What differentiates the NCAA tournament from a rock-paper-scissors tournament is that some teams are much, much better than others. The best teams win more than 80 percent of their regular-season games and expect to advance to the Sweet 16. The same thing generally holds true in the NBA playoffs: the top teams almost invariably win about 75 percent of their games in the regular season, and it’s big deal when they lose a series to a true underdog. The opening rounds exist to get casual fans up to speed while the best teams beat up on inferior foes, and later on, the top seeds face off with the title within sight. Early on, the seven-game series protects the top seeds, and later it means we have more basketball to watch. It’s great.

So, let’s go back to that pin we put on baseball. What’s different? In short: it’s that baseball games are way, way more chaotic than basketball. From 2015-2019, just 13 teams won even 60 percent of their games. That’s roughly a quarter of playoff teams over the past five years. By comparison, 39 NBA teams won at least 60 percent of their games over the last five full seasons, almost exactly half of those that made the playoffs. We can trust the best basketball teams to beat a .500 team in a playoff series. We can’t trust anything to happen in baseball.

That’s been the best reason not to expand the playoffs in years past. When the gap between a division winner and a .500 team is about as big as between a 7-seed and a 10-seed in the NCAA tournament, there’s just no reason to give mediocre teams a chance. If we’re to believe that the World Series is earned, we have to eliminate the possibility that a team with a losing record is functionally a few dice rolls away from winning it.

So why bother with a bracket?

Well, people like brackets.

 

Is Best-of-Three the Worst?

Since the announcement of the expanded playoffs, not knowing that baseball has as much parity as it does has been a great way for Online Dudes to show off that they don’t watch regular-season baseball. Just pick any number of the responses to this tweet.

I’m using Dan Szymborski as an example because I know that he, the person who creates ZiPS projections each year, knows something about probability. And I agree with him in principle. Creating a world where the Dodgers could fail to roll at least three twice in a row and be eliminated is transparently stupid. But I’m skeptical of how much limiting the first round to three games would matter. Even a seven-game series is unpredictable — adding on a few more chances for a marginally better team to win won’t change much.
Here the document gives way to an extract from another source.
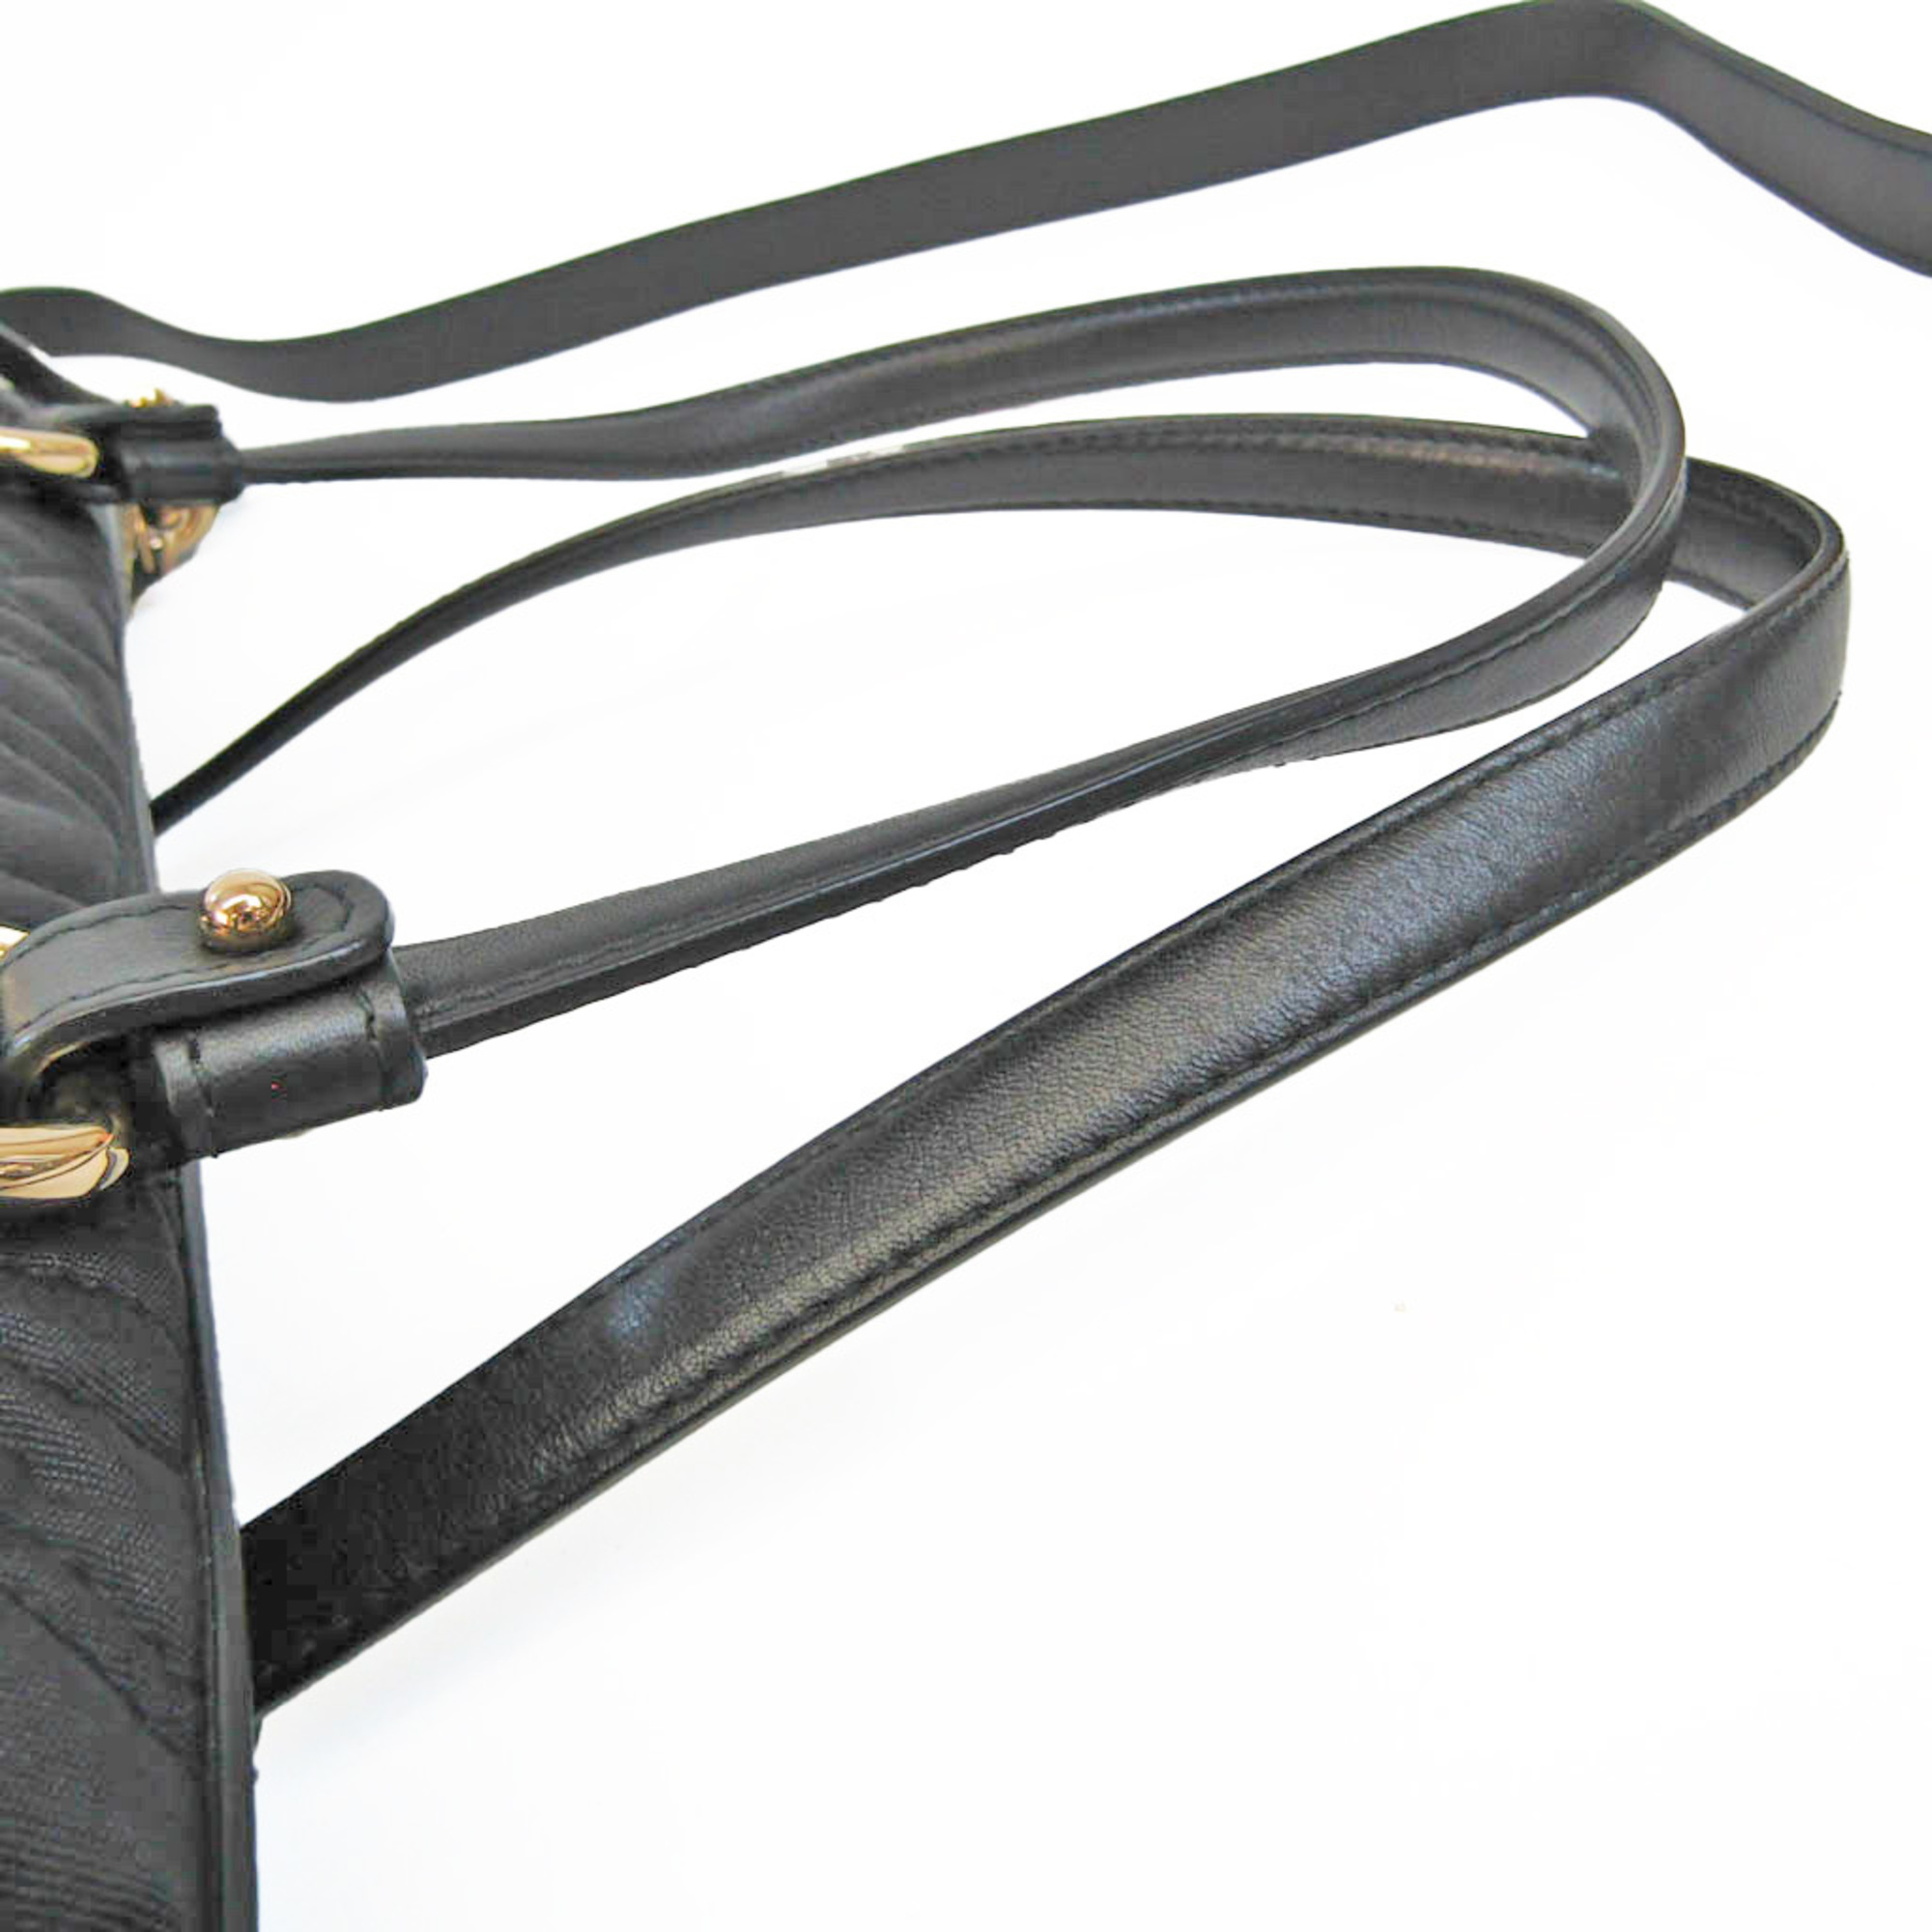 Salvatore Ferragamo FZ 21 G001 Women's Nylon,Leather Handbag,Shoulder Bag Black
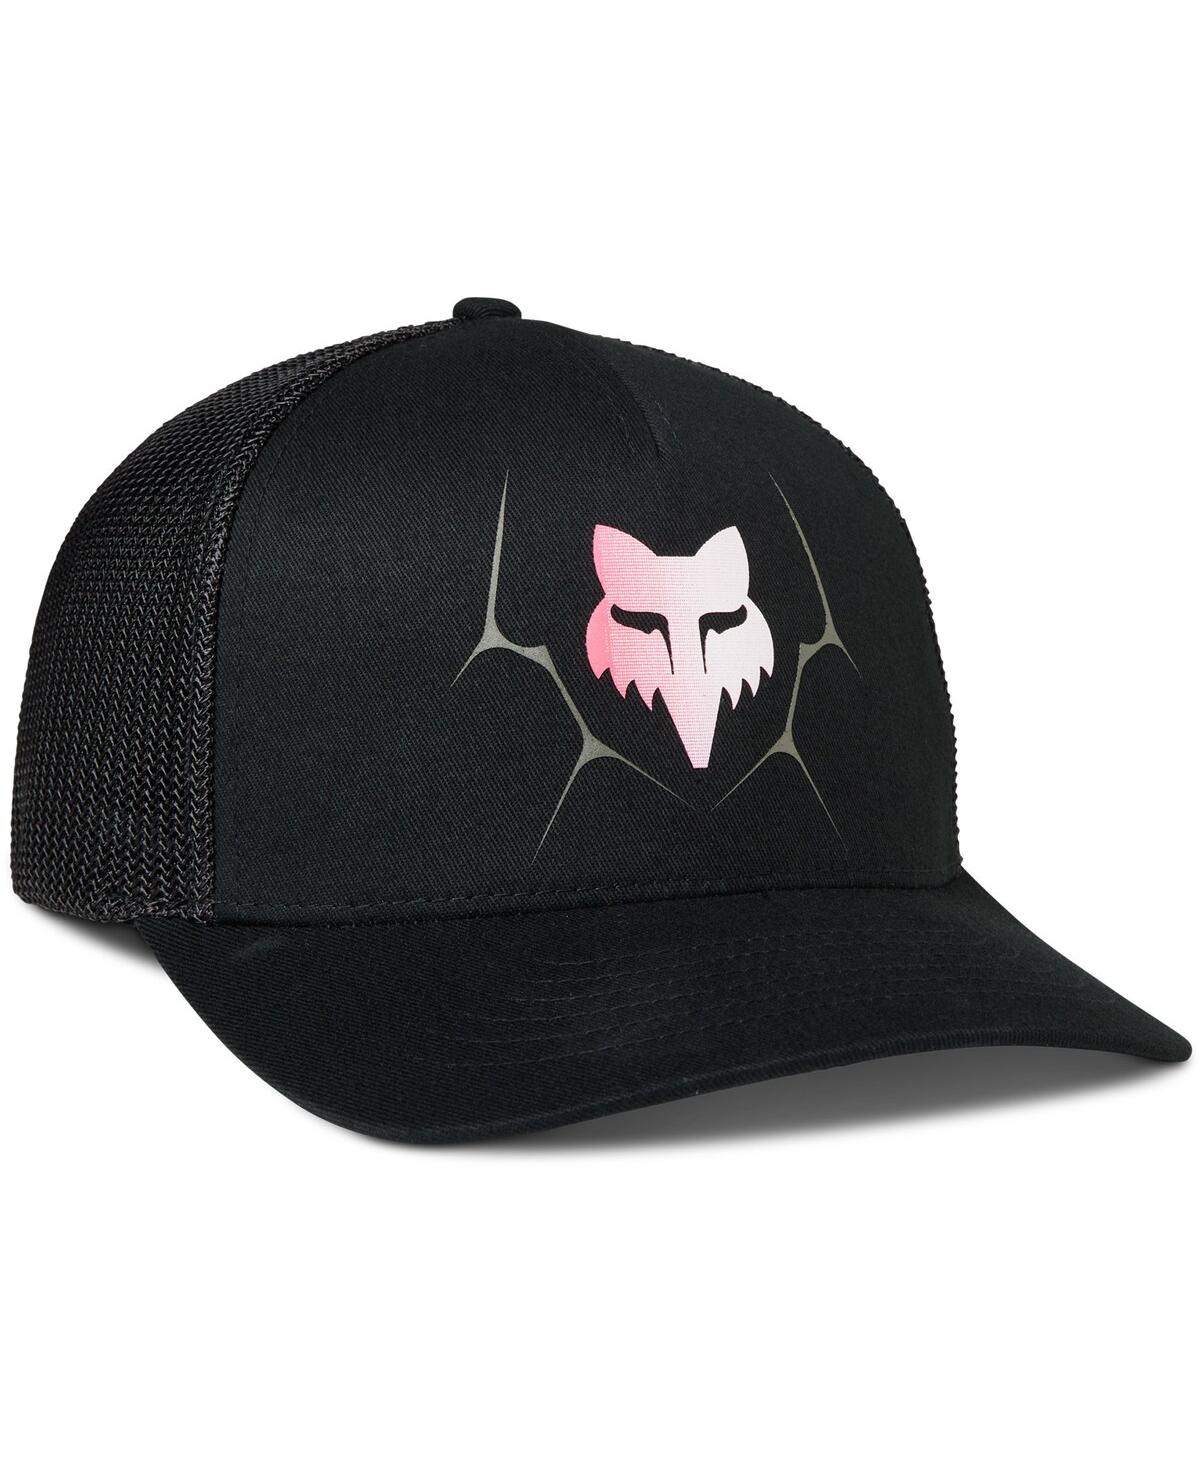 Fox Men's  Black Syz Flexfit Flex Hat

Let’s do some back-of-the-napkin math to show why. I’m going to simplify things a little bit here: using a .500 team (81-win pace) and a .600 (97-win pace) team as an example, let’s assume that the better team wins a game about 55% of the time (I’m averaging their win probabilities, which is probably wrong but won’t affect the results much). The odds of the better team winning a best-of-three series is about 57.5%, but those odds increase only slightly in a five-game series to 59.3% and to 60.8% in a seven-game series. I’ve computed these probabilities by hand; for a Monte Carlo-simulation approach that gets to about the same conclusion, check out Kenneth Tay’s work at Statistical Odds & Ends.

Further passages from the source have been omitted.